К нему дочка приходила, вот она ему и говорит: «Папа, папа, не умирай! Хоть до
Нового года не умирай!» Ну, конечно, это же праздника не будет. — Он улыбается.
— Она все равно его любила, — говорит Женя и в
доказательство своих слов часто кивает, тем самым
показывая, что врет. — Люди не злодеи вообще-то, и даже много добрых, просто
вести себя не умеют… И потом, вы-то поправитесь. Это
только слово такое страшное, а сейчас это лечат, есть болезни гораздо ужаснее,
а с этой человек живет сто лет и умирает от чего-нибудь другого…
Спасибо тебе, химичка! Но только этого он уже
вынести не может.
— Да? — спрашивает. — Да? — И желваки у него
ходят. — Может быть, может быть… Много добрых. Но я не
добрый, и не стал добрым только оттого, что заболел. И не собираюсь никому
позволять быть добрыми за мой счет. И делать вид, что верю утешениям, не
собираюсь. И воздерживаться от слова «рак», чтобы никого не травмировать... А
слово это еще послужит, будьте уверены! — Он усмехается. — Пока я не знал, что
оно имеет ко мне отношение, мне было легче, хоть и трудно было одолеть
пятьдесят метров, а теперь ничего, хожу, гуляю. Тюрьма. Ну ладно, всё.
Уходит быстро, без оглядки. Засунув руки в
карманы. И то сказать — конец сентября. Красиво и солнечно. Пора надевать
перчатки.
Женя дрожащими от холода и гнева пальцами
нашаривает в сумке мобильный и «листает» телефонную книгу, ищет номер
творческого работника, чтобы сообщить ему, злобно и хлестко, что у них была
любовь — не так называемая, не «типа», не привязанность, не влечение, а ЛЮБОВЬ
— четвертая стадия, неоперабельная, строгого режима, без права переписки… Уже на пятой фамилии чувствует, что страшно замерзли руки.
Засовывает их глубоко в карманы, вместе с мобильным.
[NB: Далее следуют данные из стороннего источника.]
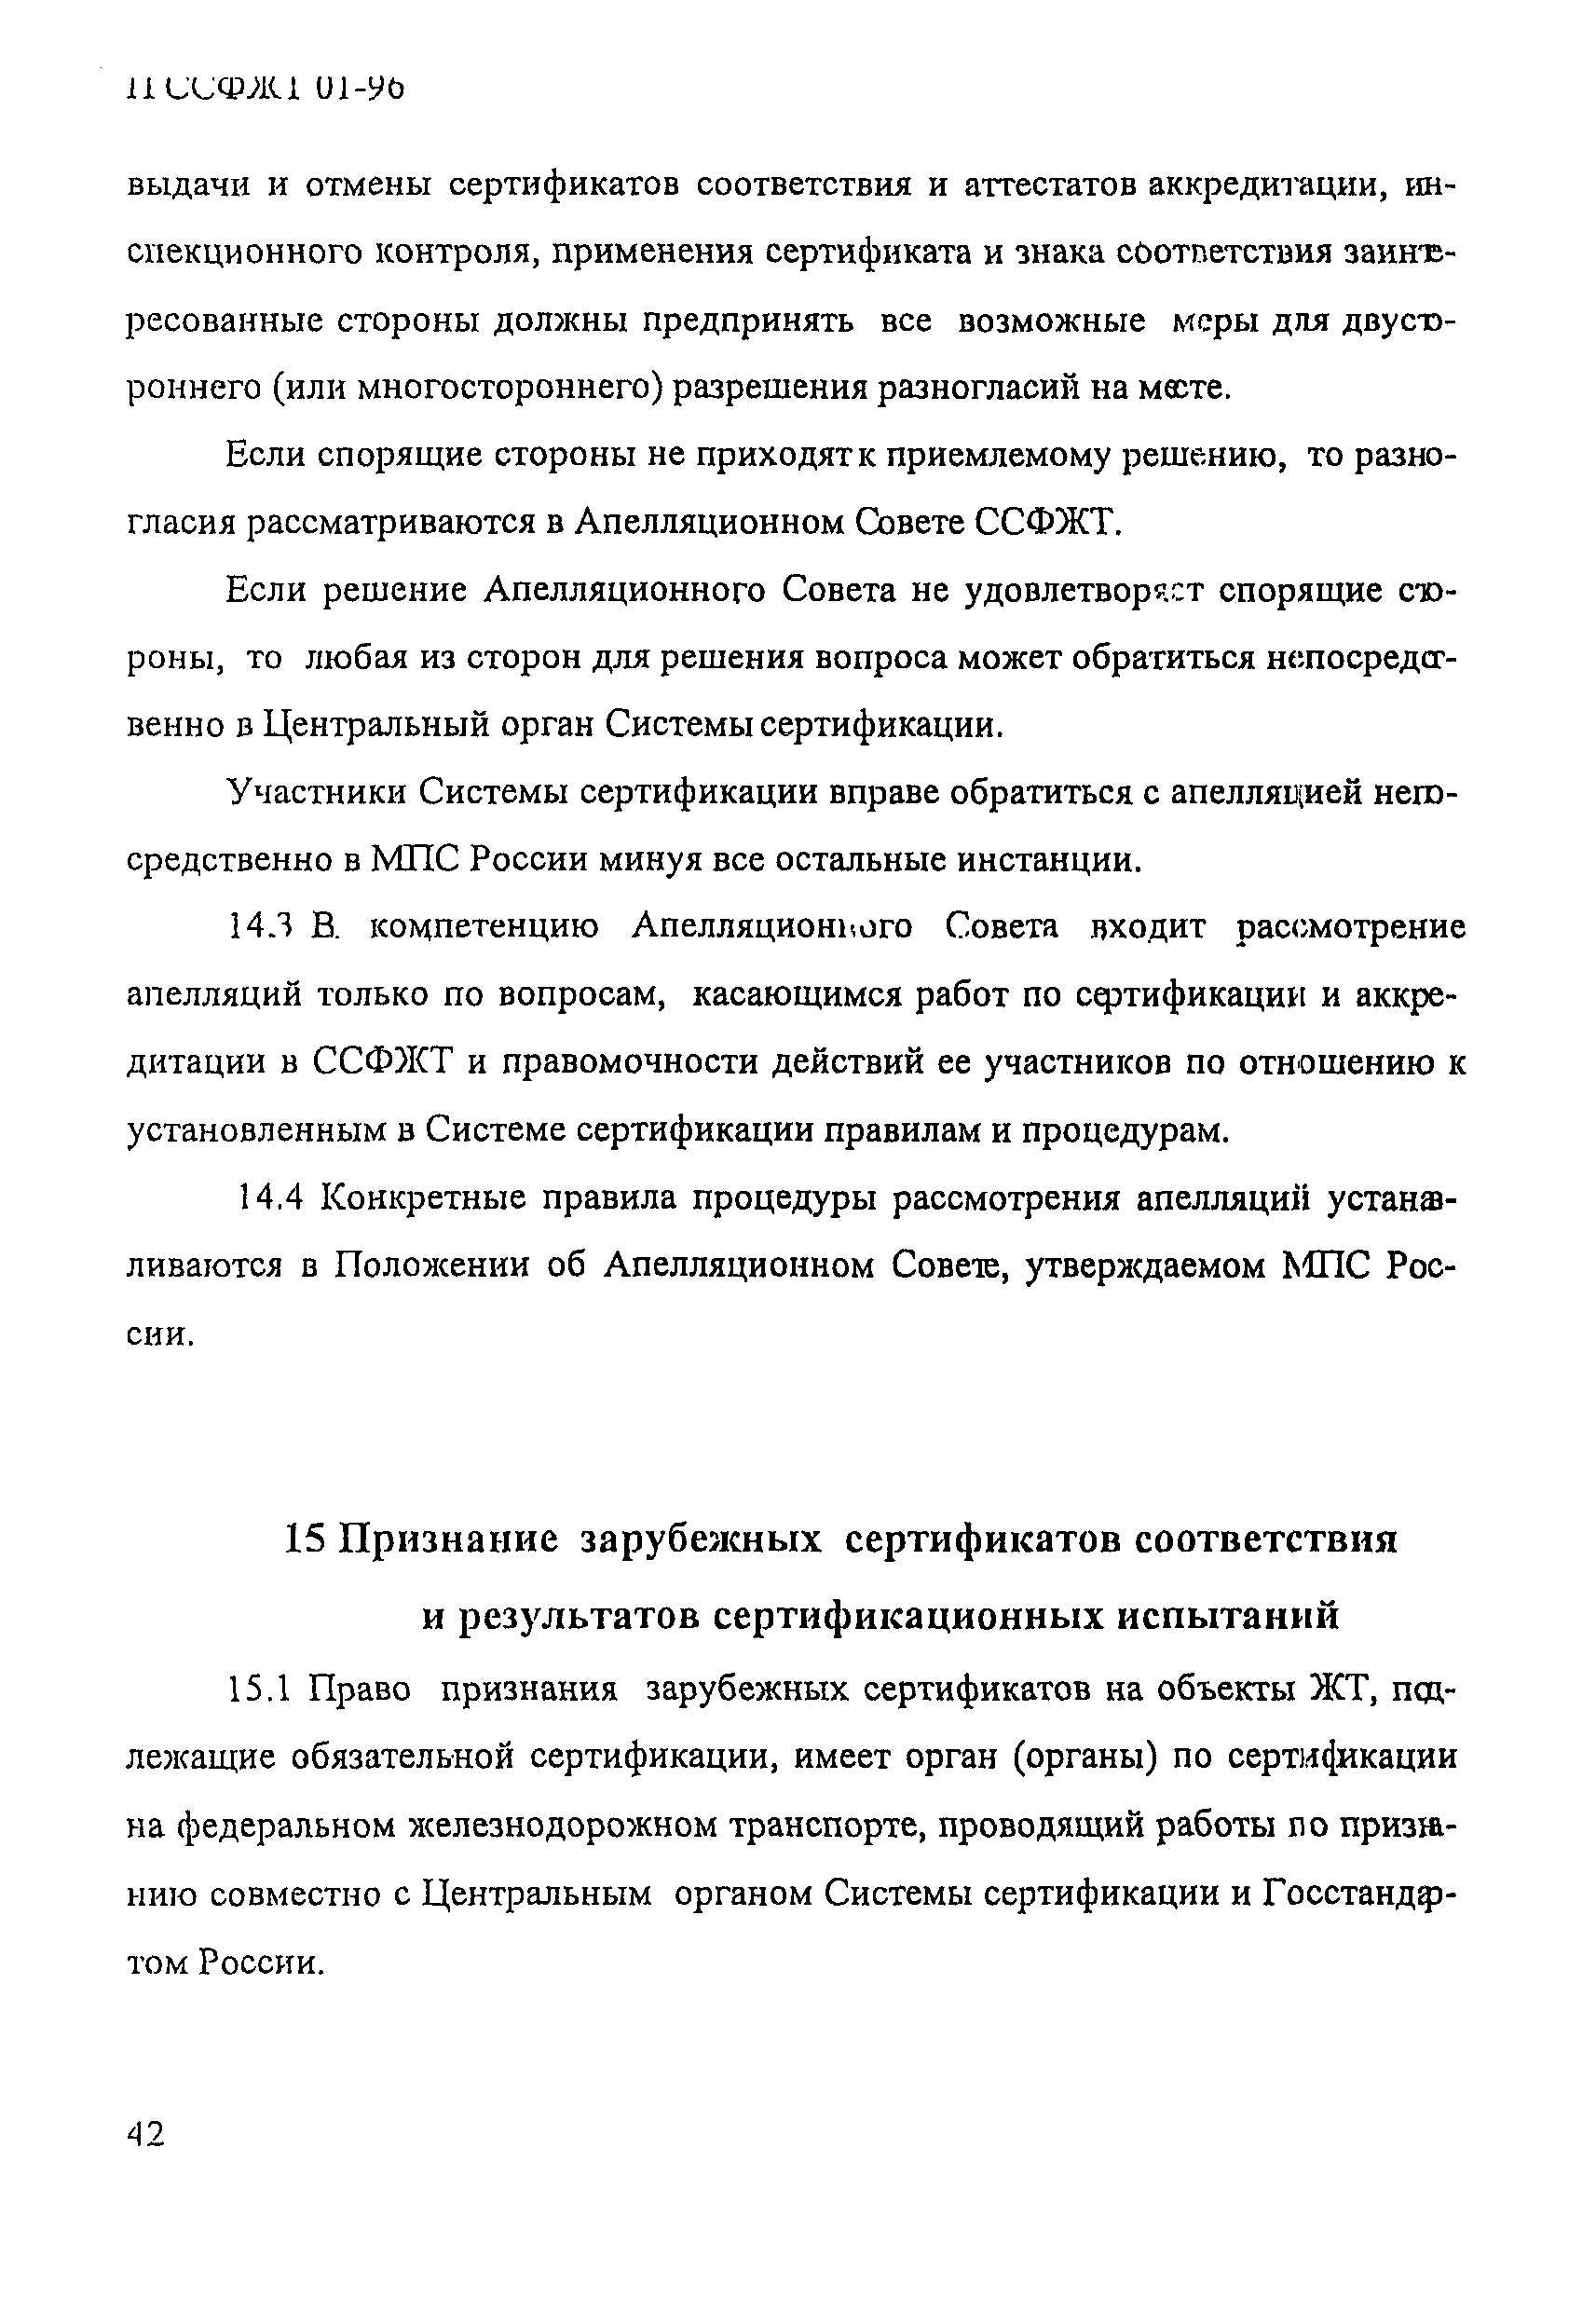 П ССФЖТ 01-96

От такого — даже смешно — небольшого комфорта возвращается стыдливость:
неприлично, не гуманно, не выговорить. Из-за этой стыдливости многие женщины
проживают жизнь, так и не узнав, что они «последние б….», а тысячи пациентов
одной шестой части суши еще недавно чахли и умирали от «язвы желудка» или
«радикулита», до самой смерти, однако, надеясь, что язву и радикулит вылечат.
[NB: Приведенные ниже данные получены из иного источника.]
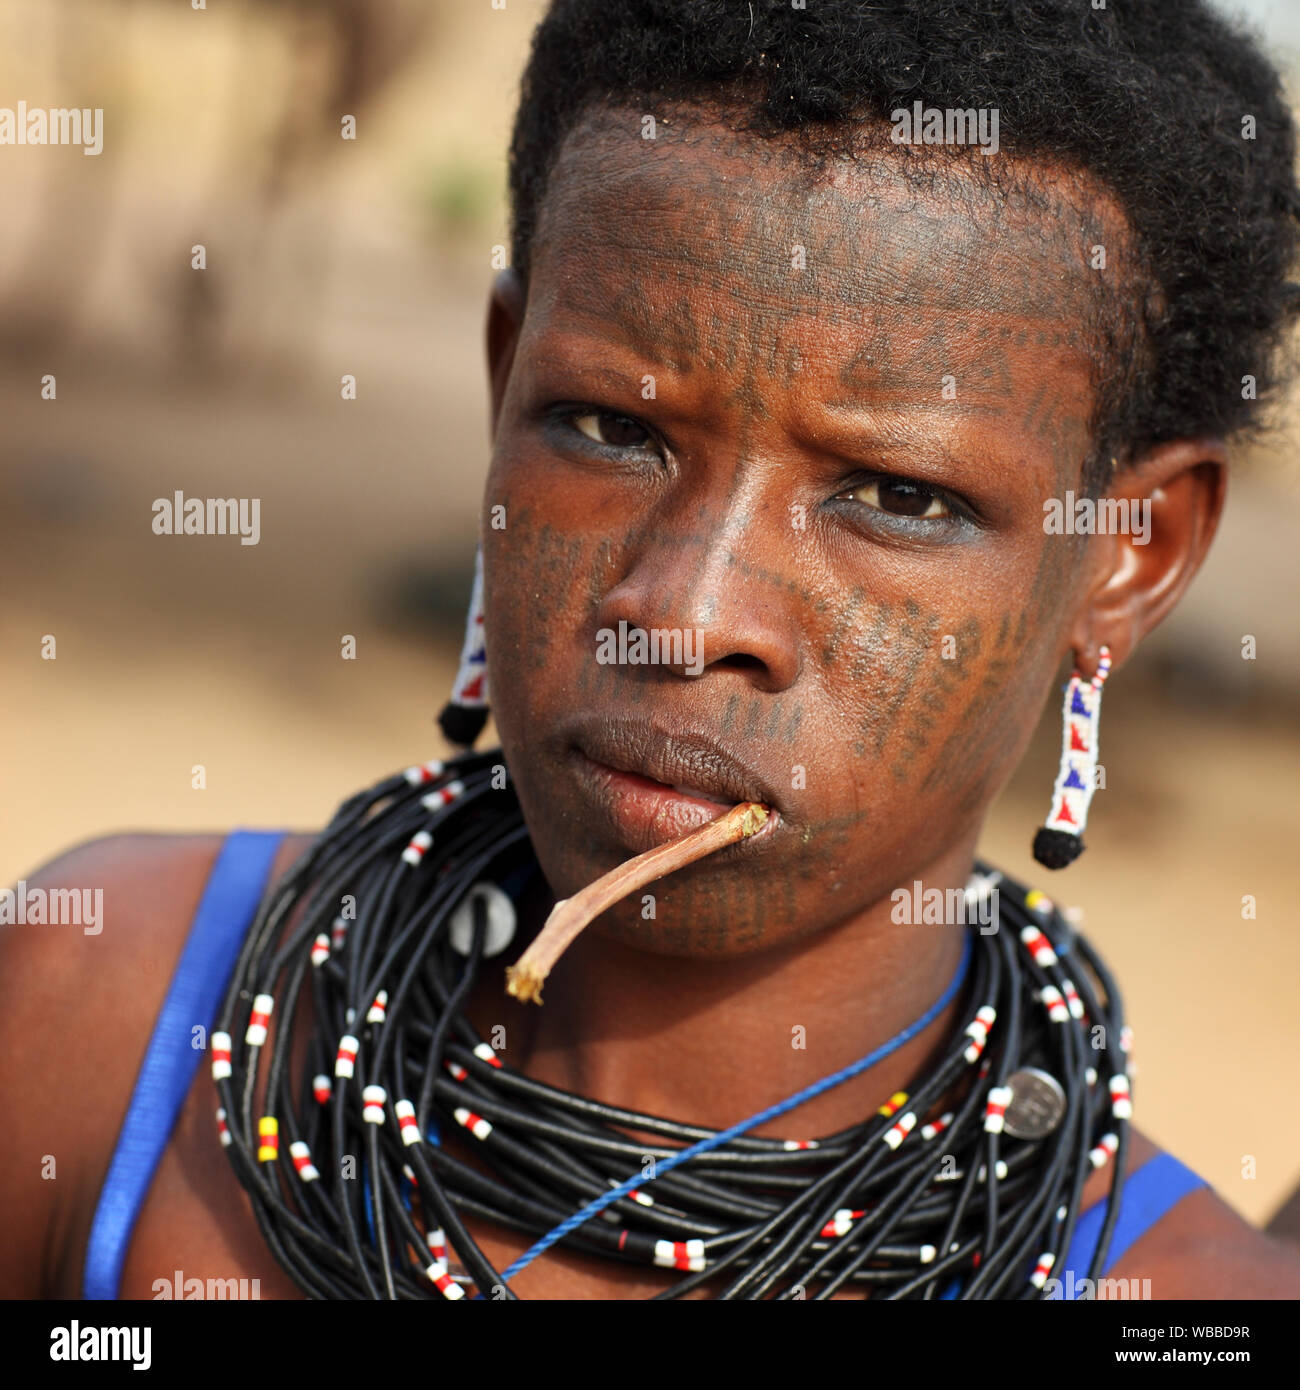 Belle femme Fulani avec tatouage de visage près de Cove, Bénin Banque D'Images

Поднимает воротник, быстро идет к метро, думает на ходу, и
даже как будто не сама думает, а кто-то диктует в такт ее шагам: можно, можно —
говорить слова страшные и слова нежные, можно мыть окна и можно не мыть окон,
можно целовать в губы — можно в спину, можно лежать без сна вместе или крепко
спать порознь — все решают не поступки и не слова, все решает
время — непобедимое, невидимое, как угарный газ, каждую секунду отдаляющее тебя
и от человека, которого про себя не называешь по имени, поскольку он единственный
и в имени не нуждается, и от других многих, — времени безразлично; время —
навязывающее свободу, от которой ни одно слово и ни одна тюрьма не защитит, не
надейся; время, время — которое, пока ты идешь от поликлиники до метро и
читаешь себе эту противную нотацию, многое успеет.